## Work item
The pictures get dropped, while every remaining part of the listing is copied exactly.

## Data
====

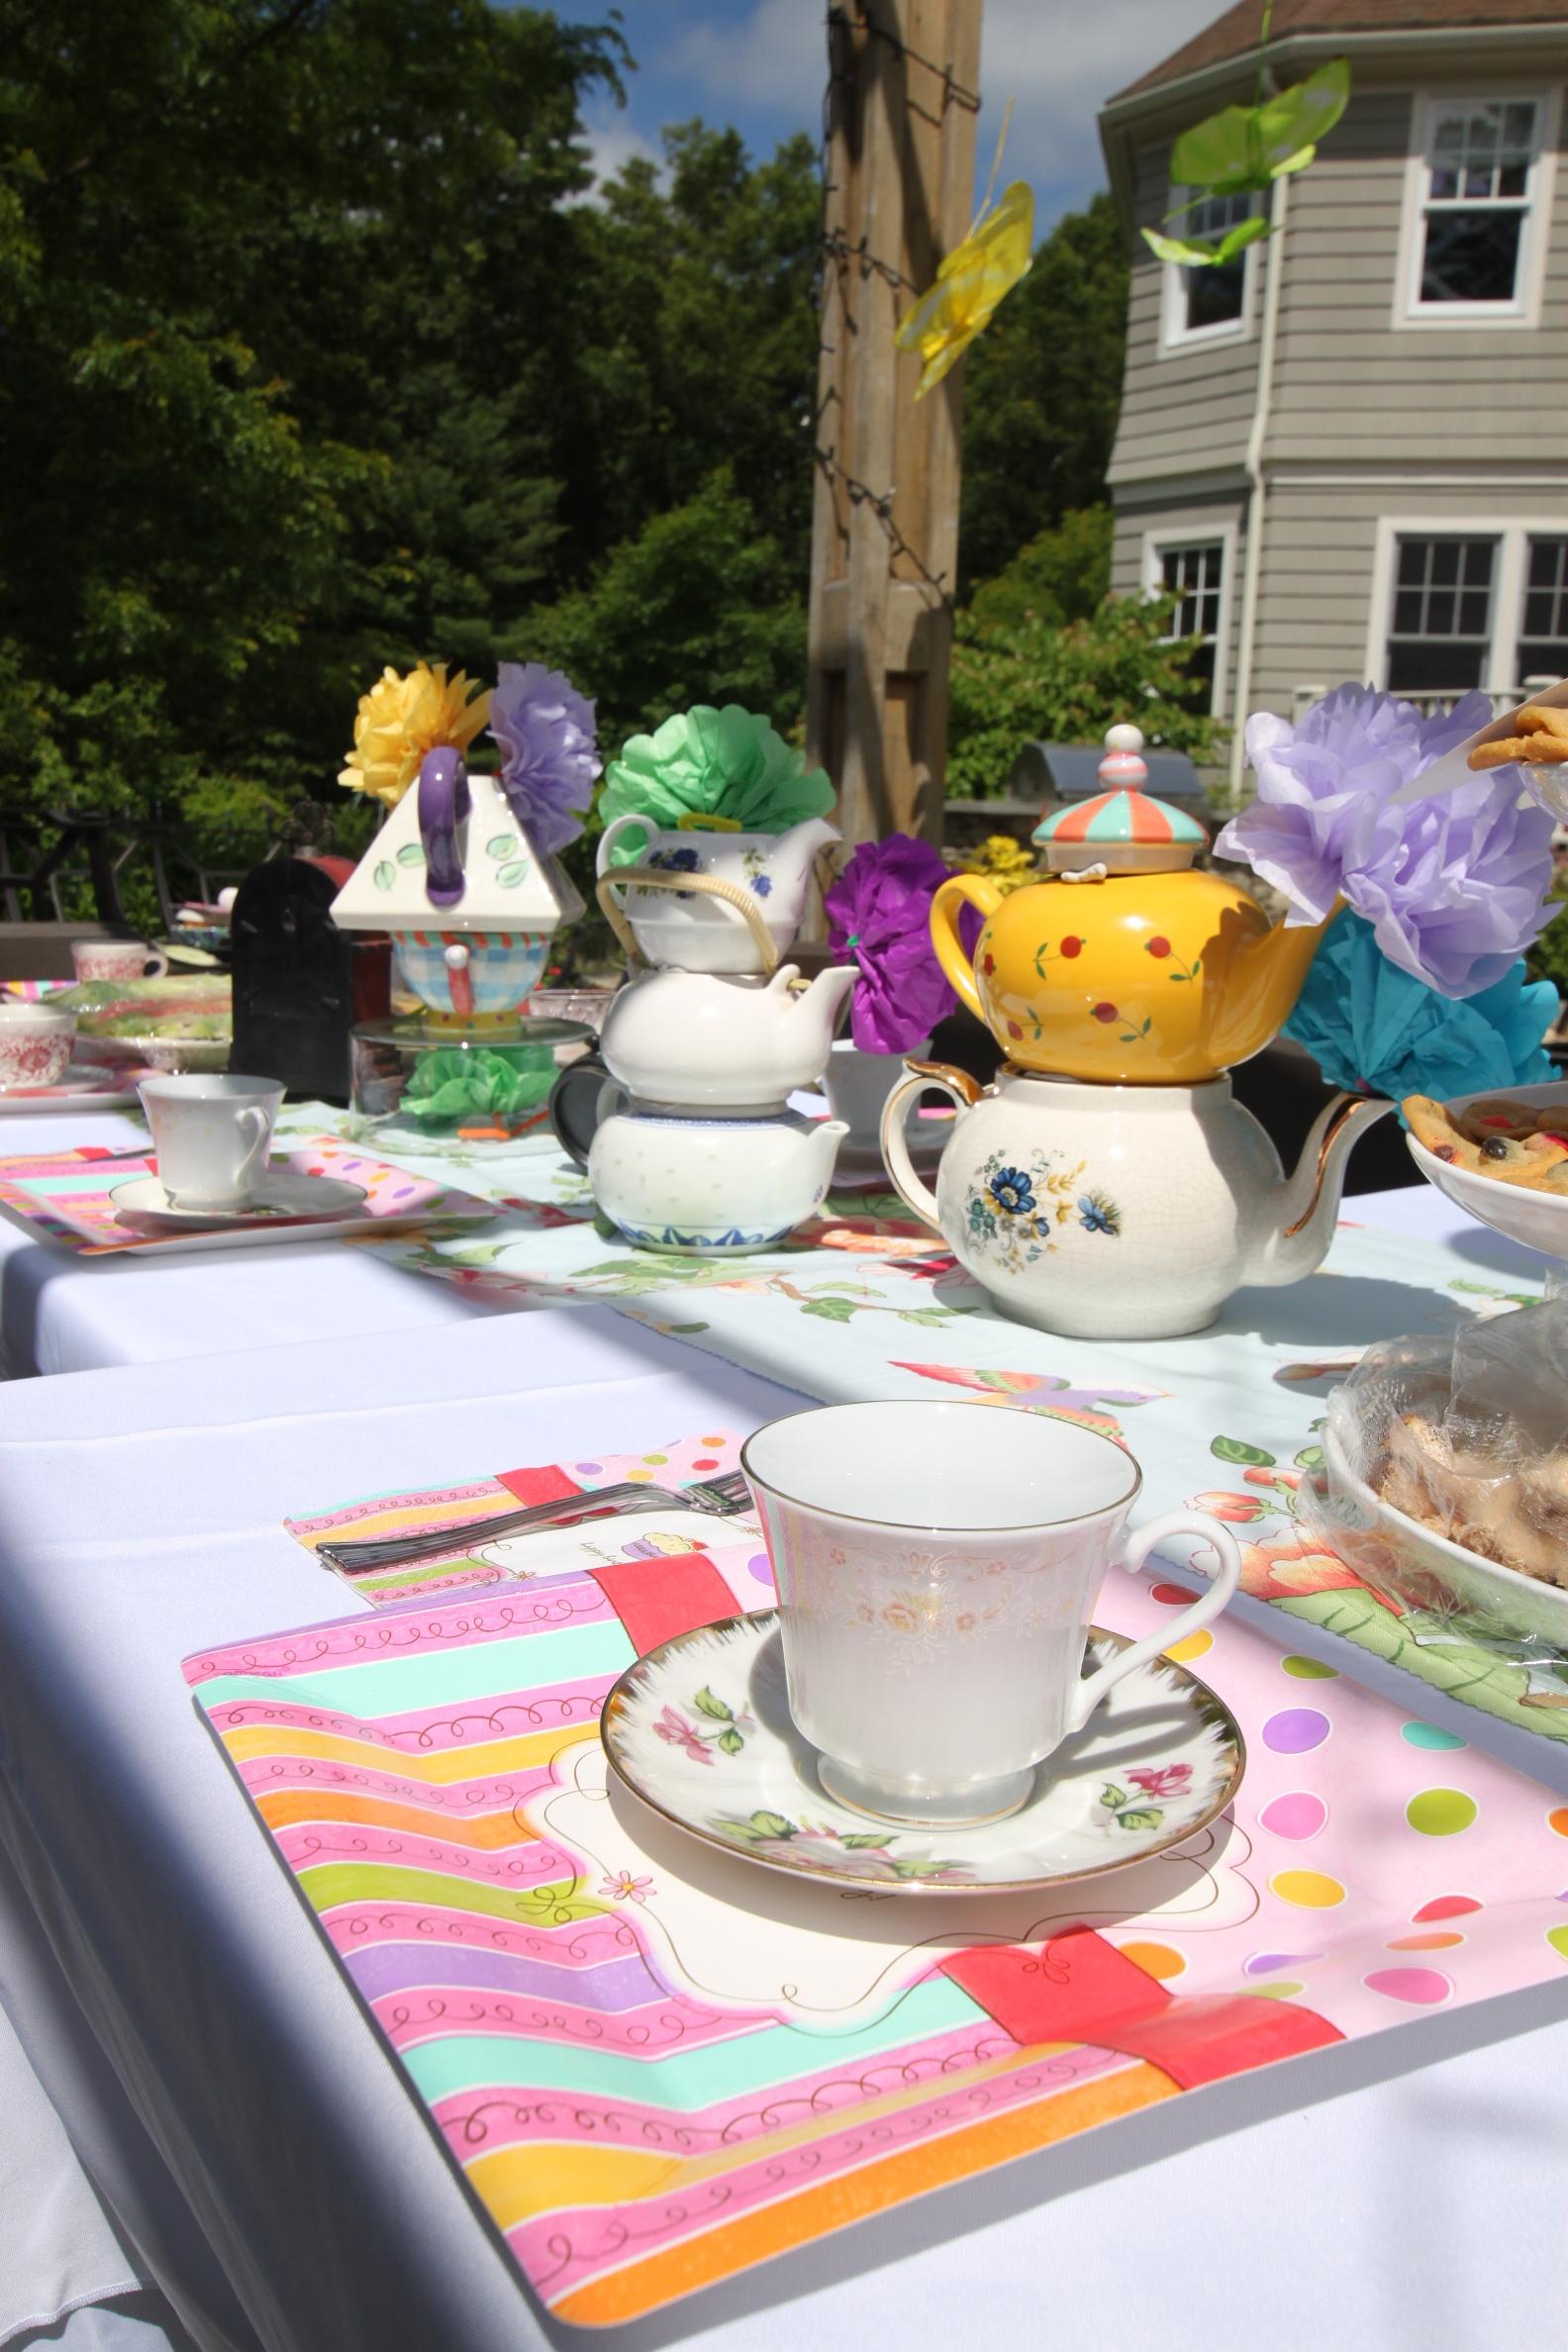 Alice in wonderland, decorations, silly sally, entertainment, boston, los angeles, decor
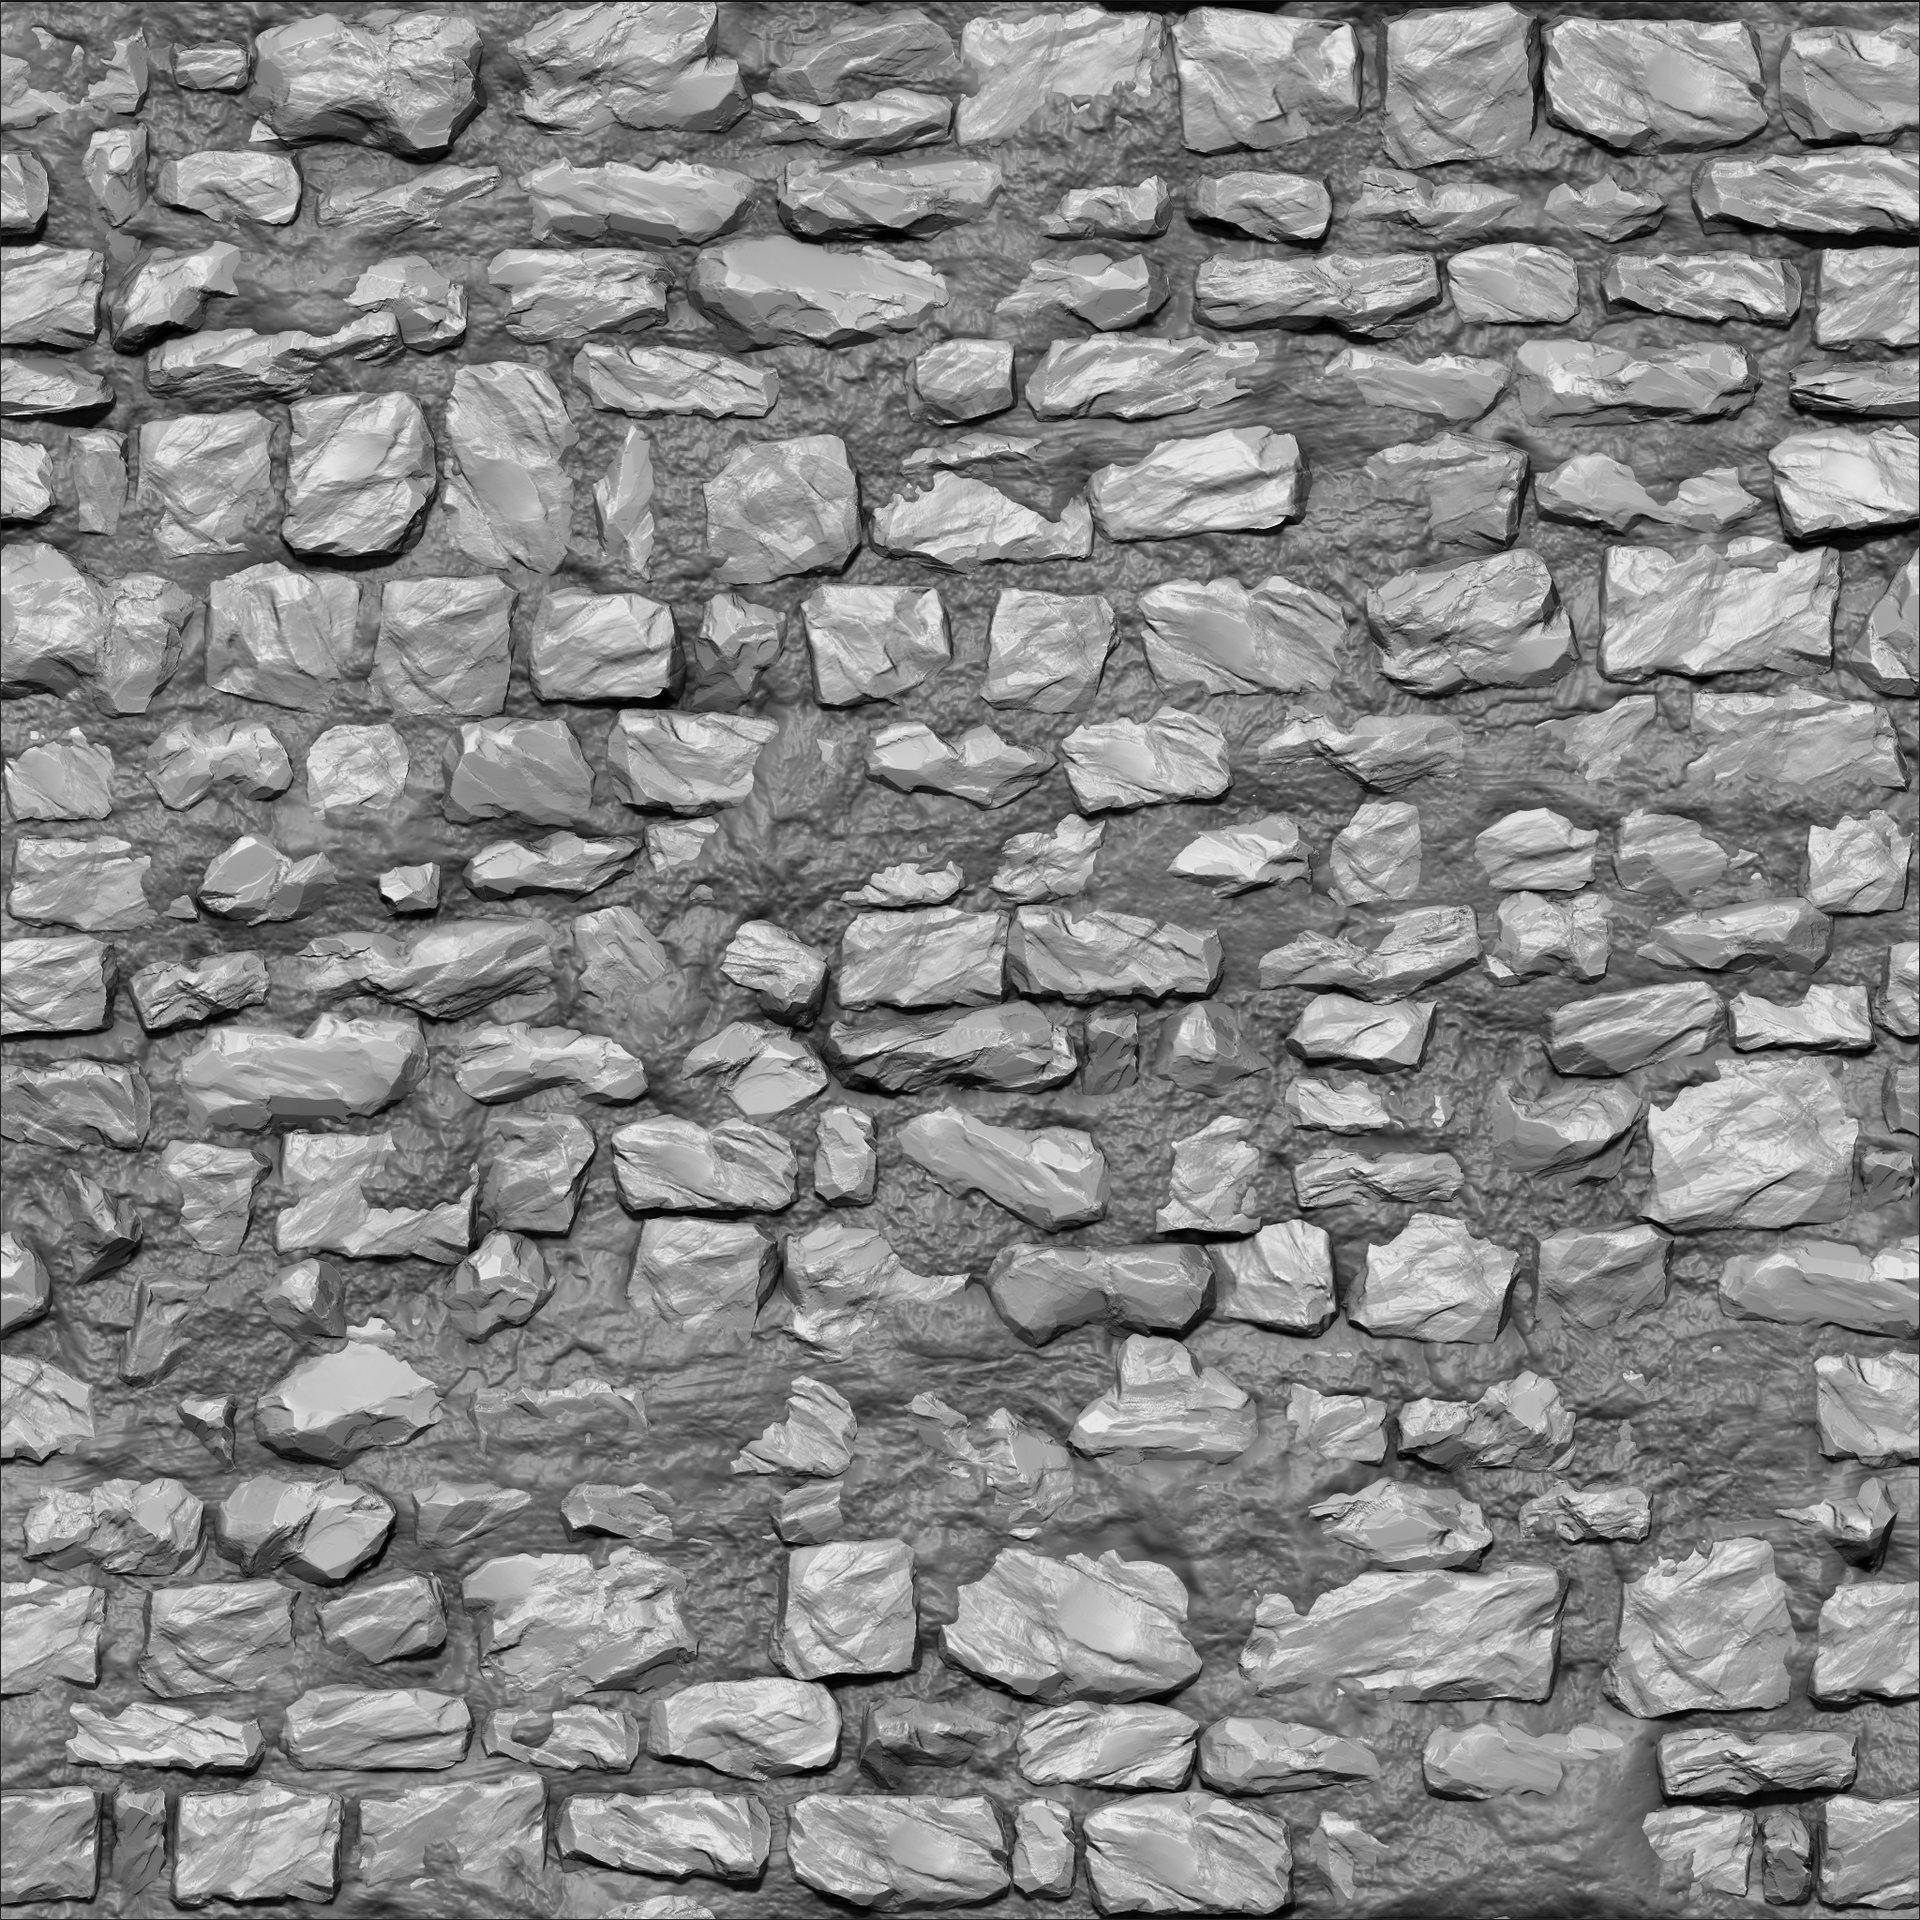 Joakim stigsson stone wall 01 hp
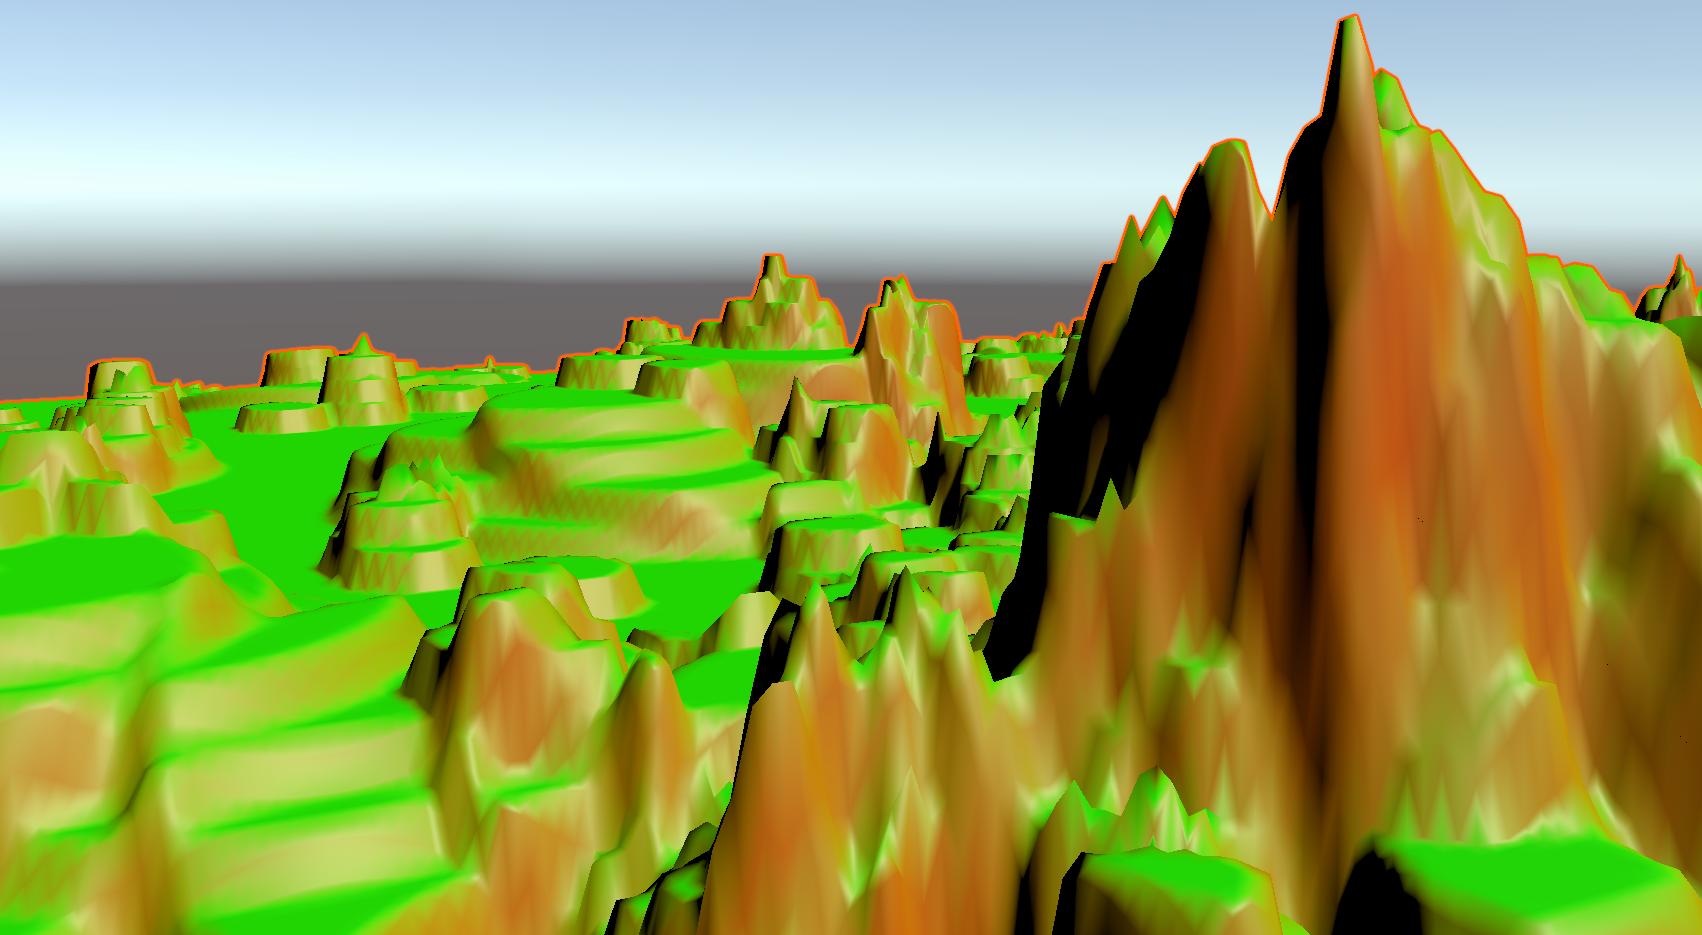 20210423_terrain_steepness.png

====

## Written solution
 Alice in wonderland, decorations, silly sally, entertainment, boston, los angeles, decor
 Joakim stigsson stone wall 01 hp
 20210423_terrain_steepness.png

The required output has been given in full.